Now available in Chapters stores Canada-wide, and on Indigo, Amazon and other on-line outlets.
The stories stand on their own – you don’t need to know the music. These print and ebooks raise funds for the Gordon Downie Fund For Brain Cancer Research at Sunnybrook Hospital. Links to the music behind each story are below.
{*The Tragically Hip are Canada’s house band. Their music has been the soundtrack of growing up for a generation of Canadians. Damn good band!}
Why Hip stories?
The Hip’s songs are evocative to me in a way other bands aren’t. Maybe it’s just me. I find the songs, the ones that don’t tell stories directly, often tell story snippets, or carry unusually nuanced emotions. The listener can piece together a multiplicity of stories.

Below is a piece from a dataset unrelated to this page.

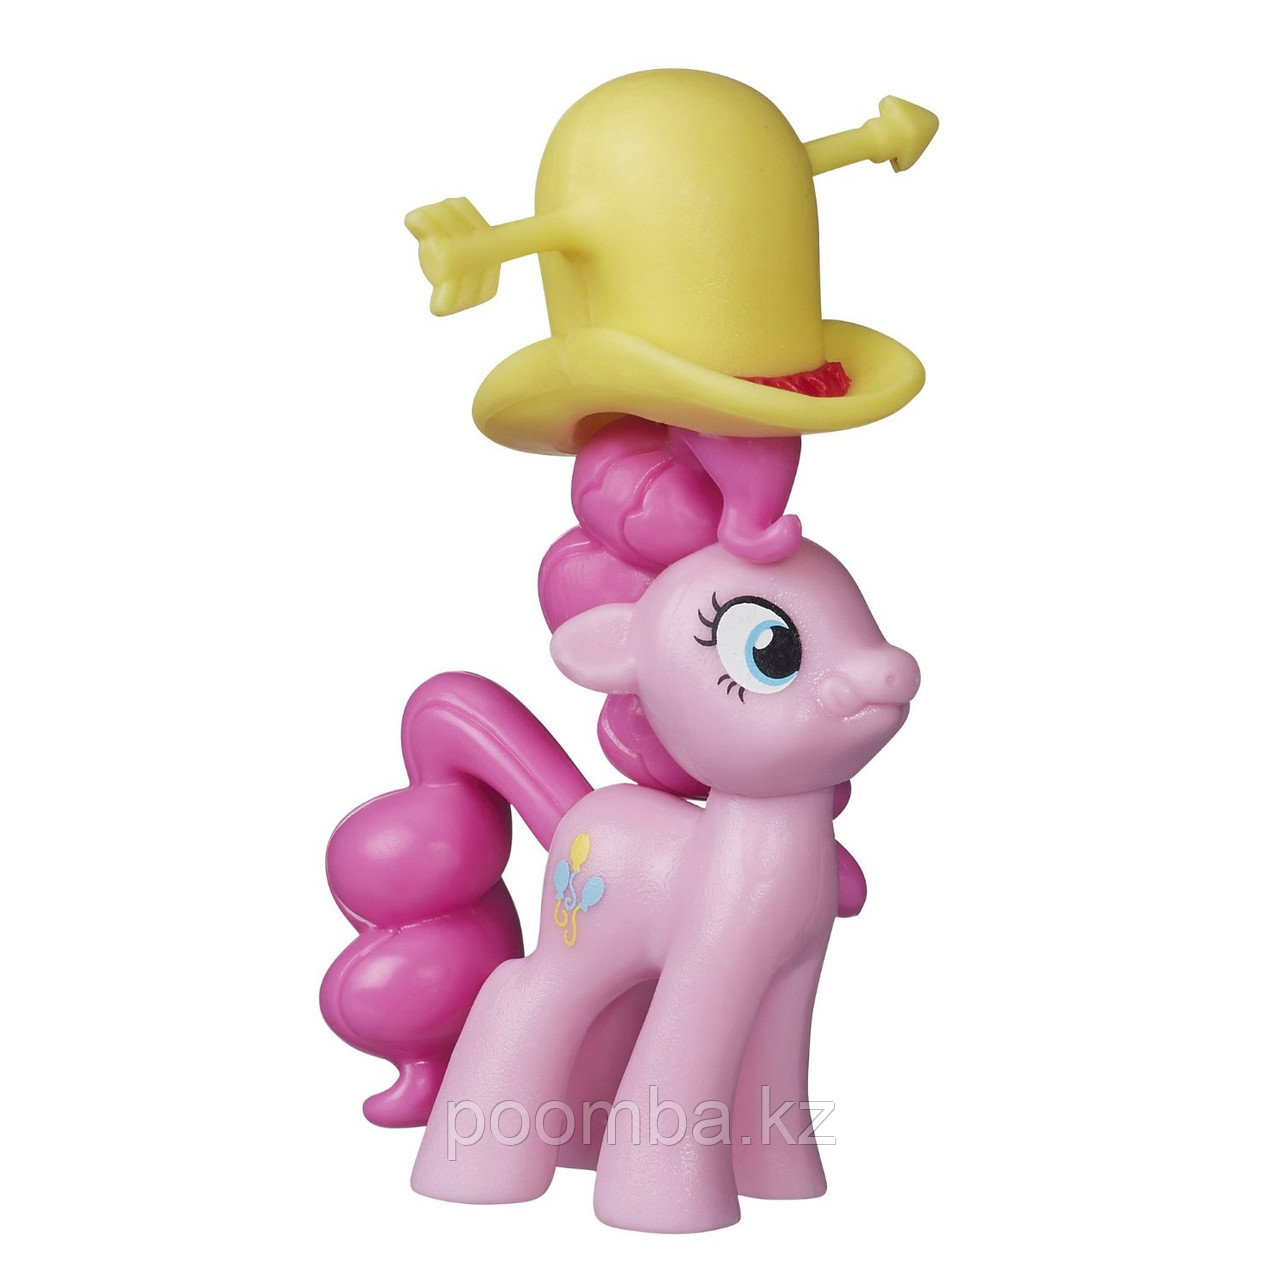 Коллекционная фигурка My Little Pony - Pinkie Pie, 2 волна

I think this is part of the reason Gord has been so interesting as a frontman: the songs have this expressionistic character that he can interpret in different ways. In my stories, I pick one interpretation.

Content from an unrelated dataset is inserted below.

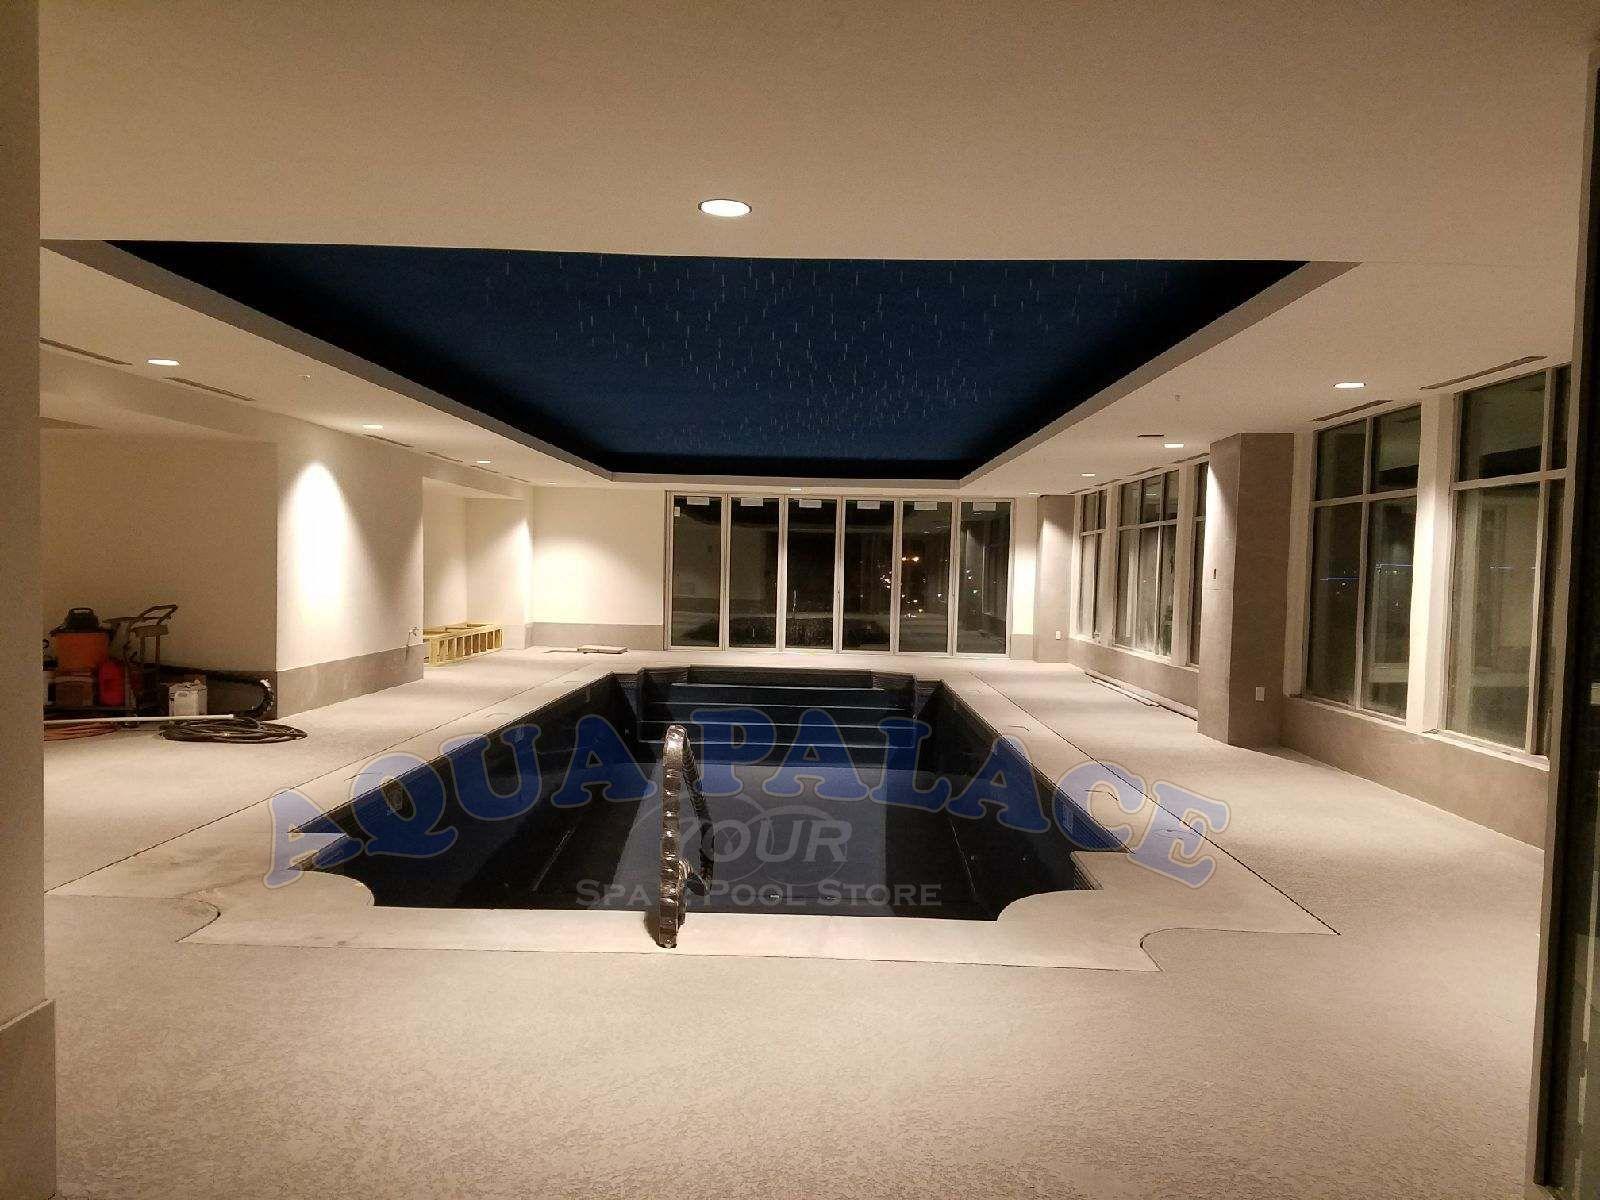 Atlas Apartments In Downtown Omaha Ne Fiberglass Pool On 8th Floor 16 X 44 Pool With Dual Staircases Custom W Pool Builders Building A Pool Pool Designs

The first one I did was Locked in the Trunk of a Car, must have been 15 or more years ago. The others have been written over the intervening years. I’ve also had preliminary stabs at New Orleans Is Sinking; 50 Mission Cap; Wheat Kings; Are you Ready?; and Boots or Hearts – hopefully there’ll be a second book some day.
I’ve tried to take the feelings and contours of the songs from one medium to another – like Fantasia. I listen to the song on repeat while I write: I hope the mood carries that way, and lyrics wind up in the narrative.
The stories stand on their own – you don’t need to know the music. But for a unique musico-literary experience, I recommend listening to the respective songs, low, on repeat, while reading, just as I wrote it.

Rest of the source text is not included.